Лак высох, а она лжет: ей нравится мнимая покорность Хильды, мраморное спокойствие тела. Рубашка складками собирается на плоском животе, проминается под жесткими подтяжками. На пол падают салфетки с пятнами цвета "вермильон", и в них, как в гнездо, баронесса опускает закрытый флакончик. "Как же вы его любите" - рассеянно пророчествует она, ни секунды не предполагая, что пророчество сбудется. Пока еще рано загадывать, сама Хильда, конечно, не принимает эти слова на веру, пропускает мимо ушей. Разве не отравляют ее замечаниями пострашнее: "Ах, согласитесь, вы и его величество были бы отличной парой... а каких умных детей вы бы зачали, вы только подумайте!" - а она - разве она не пожимает плечами, отвечая хладнокровно, что не собирается замуж? "Это мы чудесно смотримся вместе, - эгоистично думает баронесса и к губам прижимает ее хрупкую стопу, - это мы - отличная пара, я и она". А Хильда раскидывает руки - крестом, будто не для объятий, и произносит ровно:
- И все-таки вас не смущает, что сейчас мы преступим действующий закон?
- Отжившие свое законы, несправедливые, абсурдные законы надо либо отменять, либо нарушать, я на этом твердо стою и не могу иначе. А этот закон устарел в день принятия и даже еще раньше, в него одну-единственную поправку внесли пятьсот лет назад: сделали расстрел вместо сожжения на костре.
- Ну, это за содомию. В содомии нас с вами не обвинят.
- А в чем нас обвинят? - спрашивает баронесса, снимая платье. - Вы помните точно?
- Не помню.
Непременно надо будет сжечь черновики. Увлекшись воспоминаниями, она вновь забывает об осторожности, она рисует бездумно - и на листе возникают маленькие наброски, которые могут повредить репутации императрицы вернее обдуманных и необдуманных слов. До чего же занимательно смотреть на себя со стороны, отражаться, как в зеркале, в объятиях Хильды. Вкус вишен размыт в ее слюне, разогретые руки и ноги опаляют, а маленькая грудь так прохладна, будто Хильда только что из озера вышла, после купания легла в постель.
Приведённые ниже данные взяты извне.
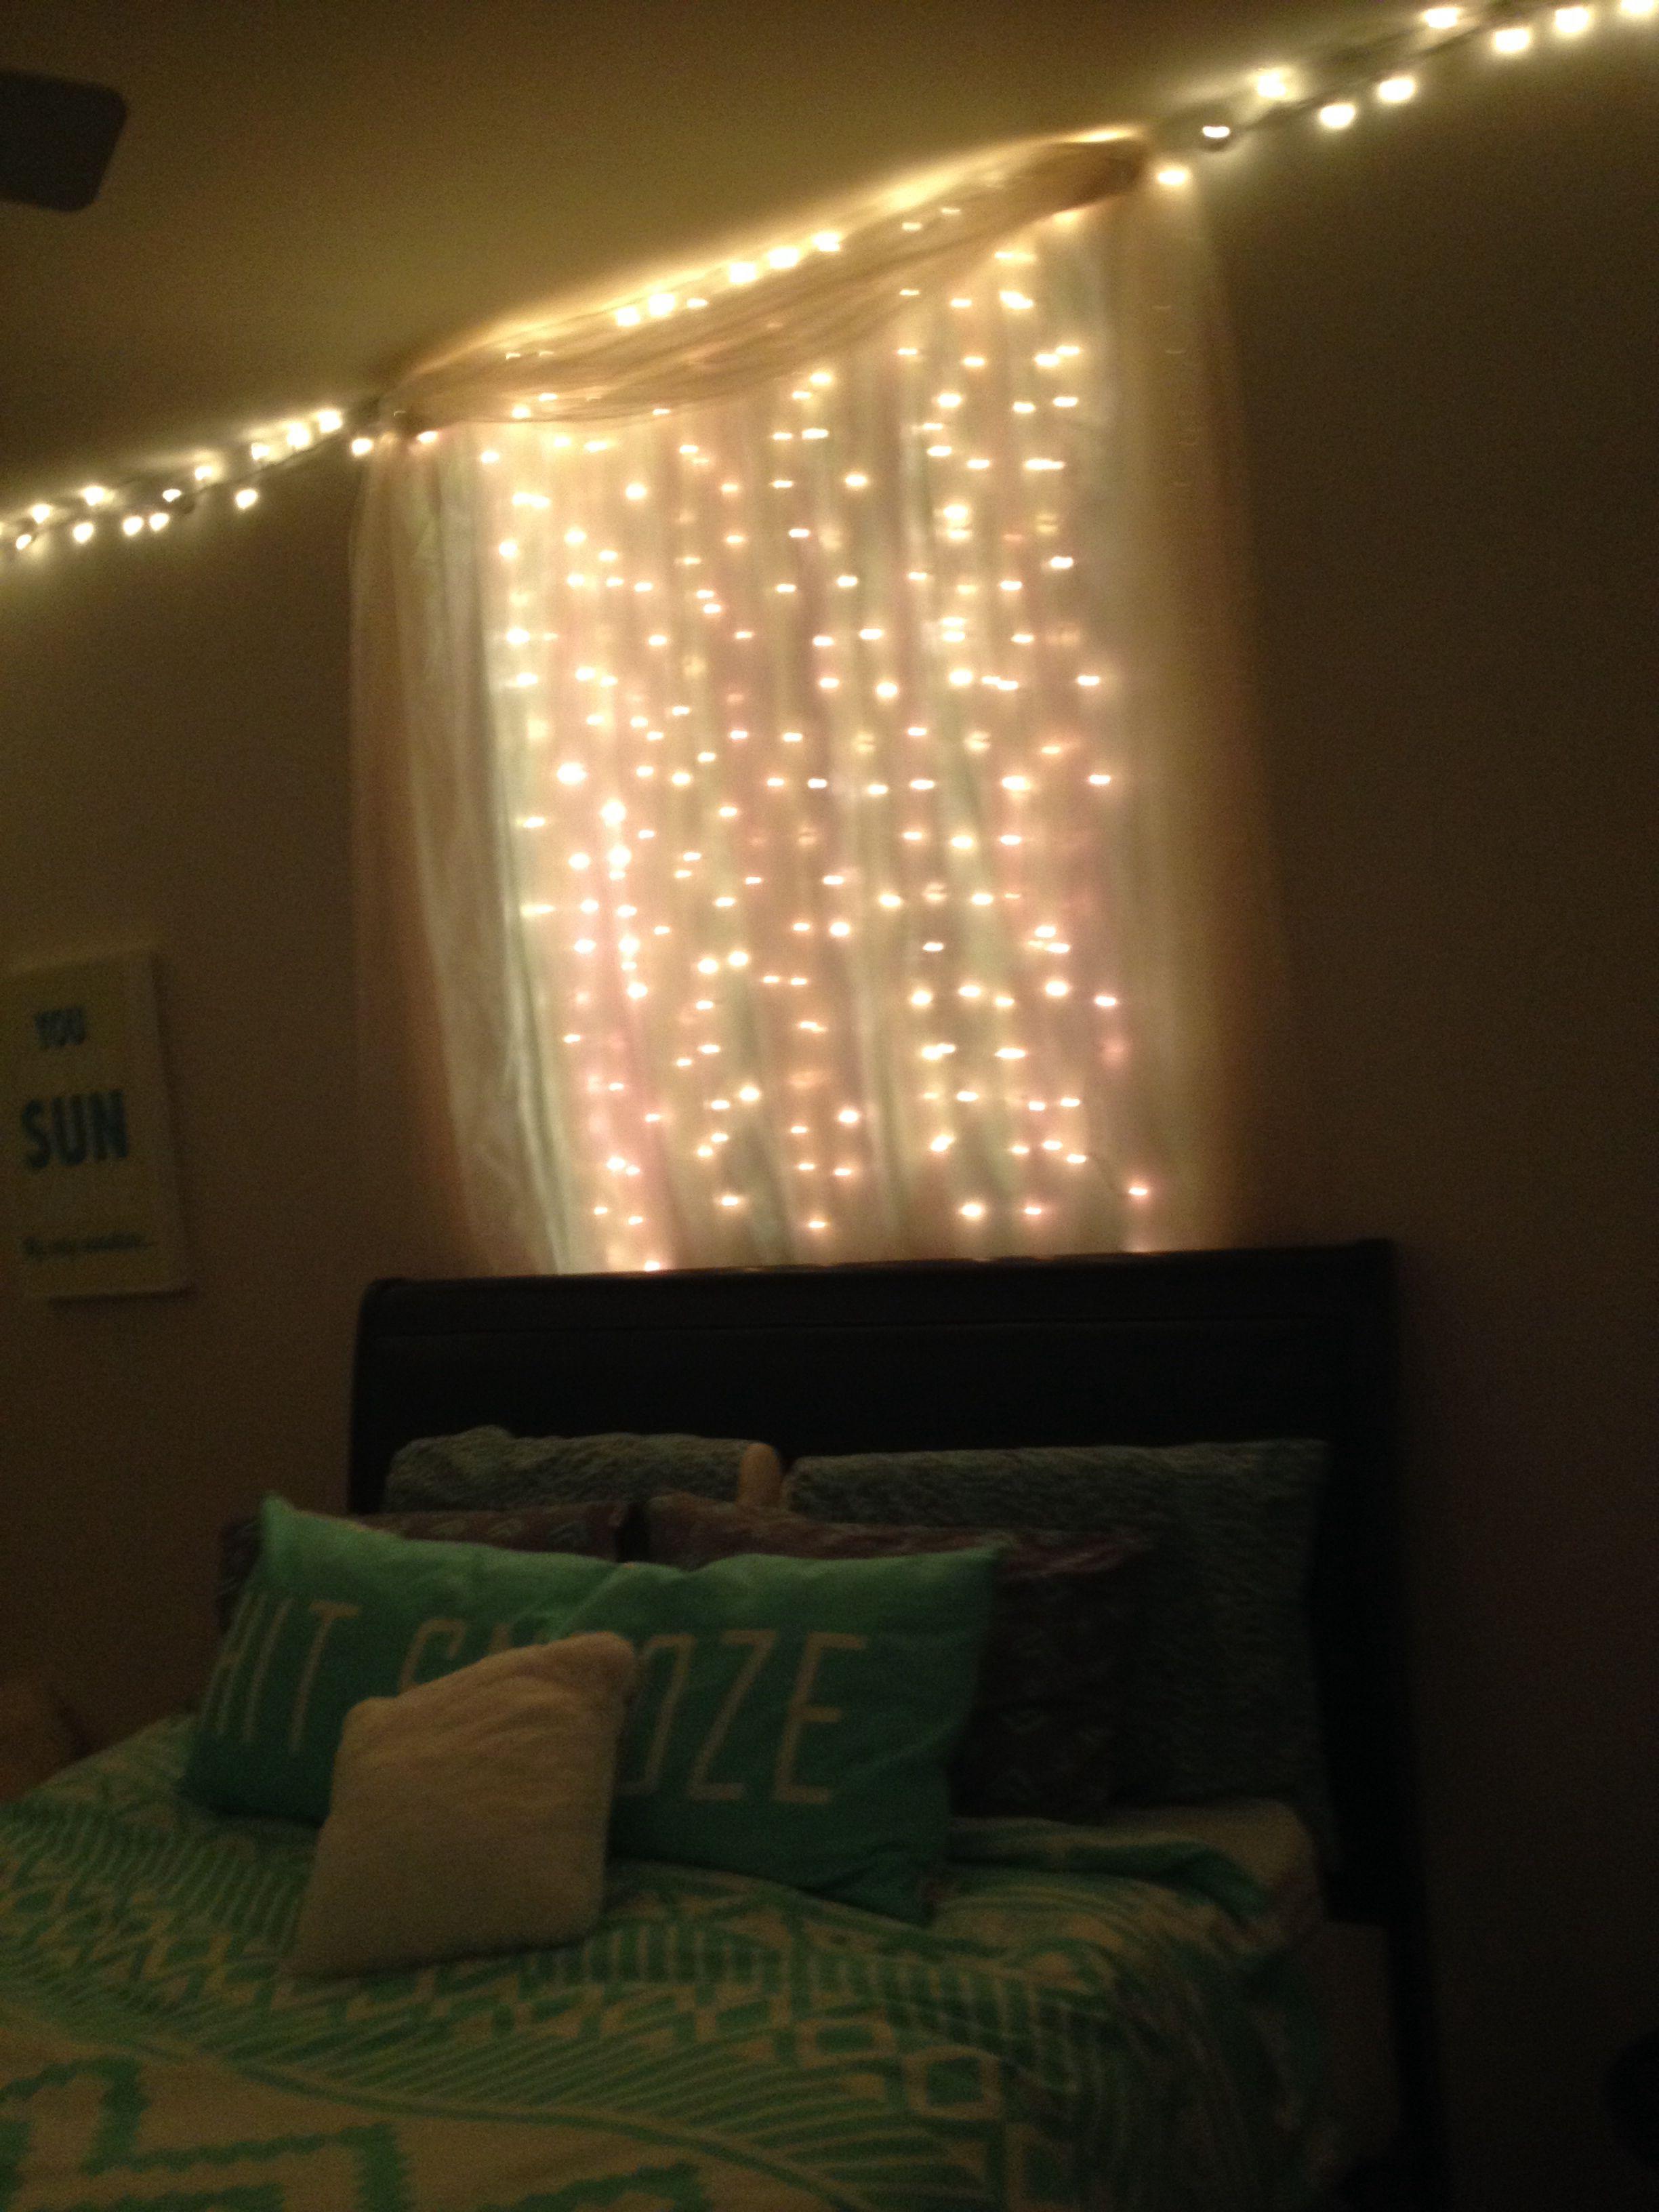 #Lights Bedroom Lights, Maybe Dorm Room Super Easy String Lights,
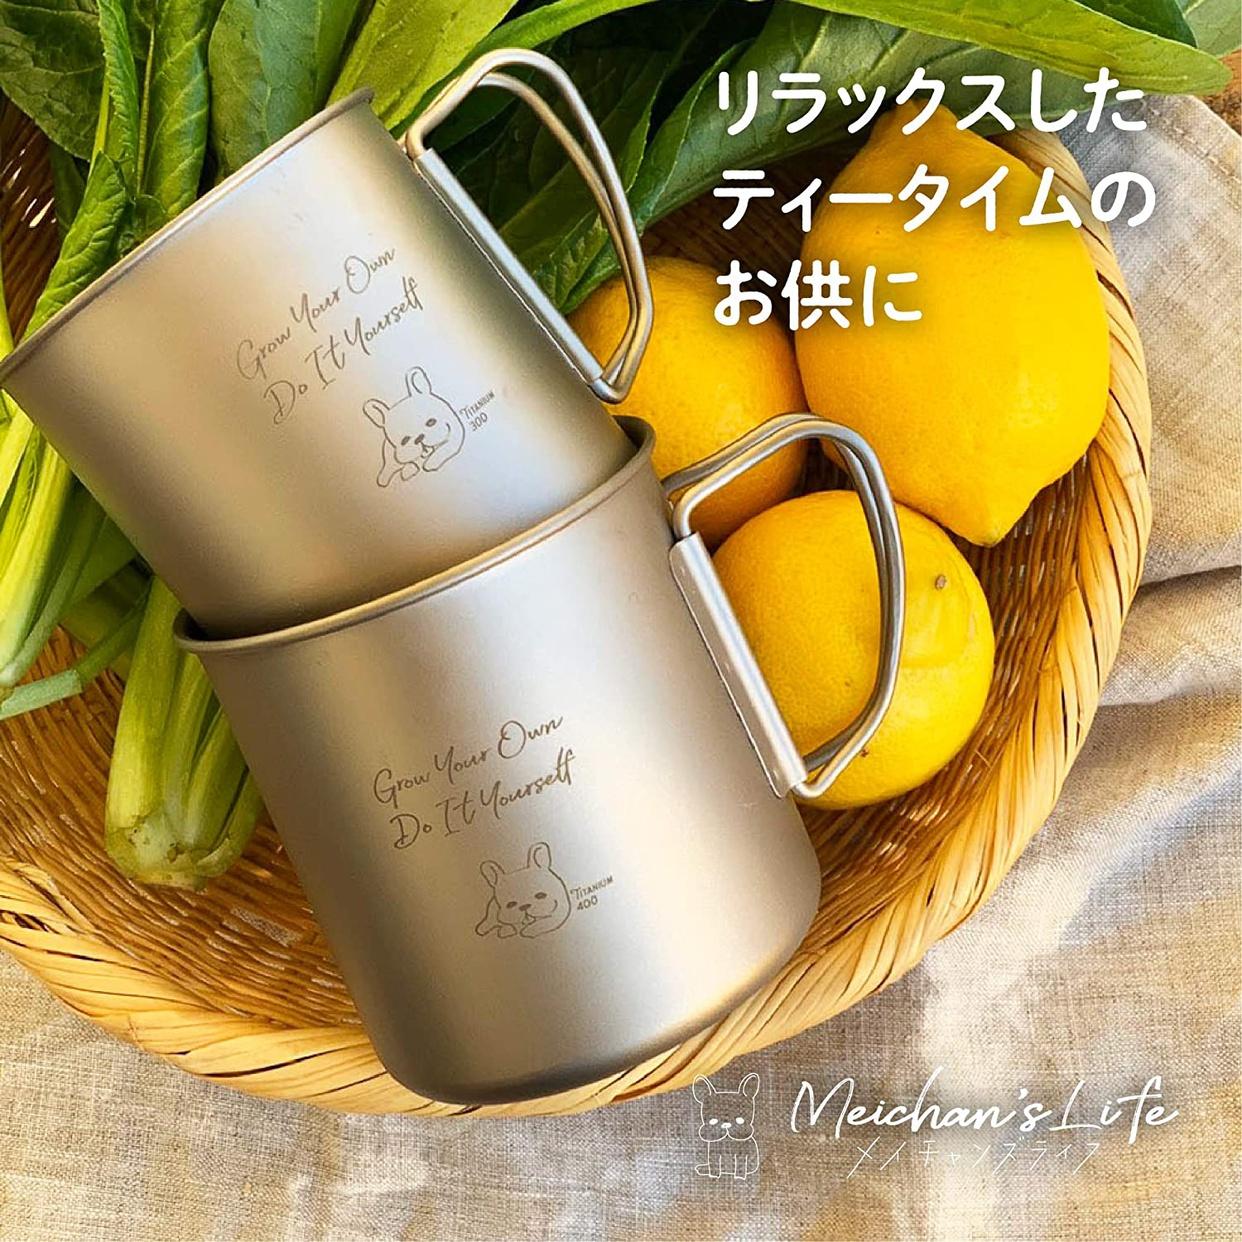 Meichan's Life(メイチャンズライフ) チタンマグの商品画像7

Чувственная память сильна: баронесса ощущает заново каждую ласку и торопится, и все быстрее водит ручкой, меняет кадры, как в кинематографе. Эротические фильмы тогда были под запретом, сейчас разрешены, и в том есть заслуга императрицы. Думала ли она о пятнах вишневого сока на белой рубашке, когда подписывала указ об упразднении цензуры? Все, что случилось с ней в тот день, повторяется заново: баронесса проводит ее, арестованную, по коридорам, целует и отстегивает подтяжки, раздевает, как куклу, и в руки берет. И зачерняет ей кончики пальцев - это острые ногти накрашены, красным лаком залиты (и нескоро Хильда смоет его).
- Не закрывайте глаза, когда целуетесь, - просит баронесса и через тридцать лет пририсовывает Хильде опущенные ресницы. - Не играйте скромницу рядом со мной, не надо.
- Кого же мне играть рядом с вами? - спрашивает Хильда. - Прежде вы не были так привередливы.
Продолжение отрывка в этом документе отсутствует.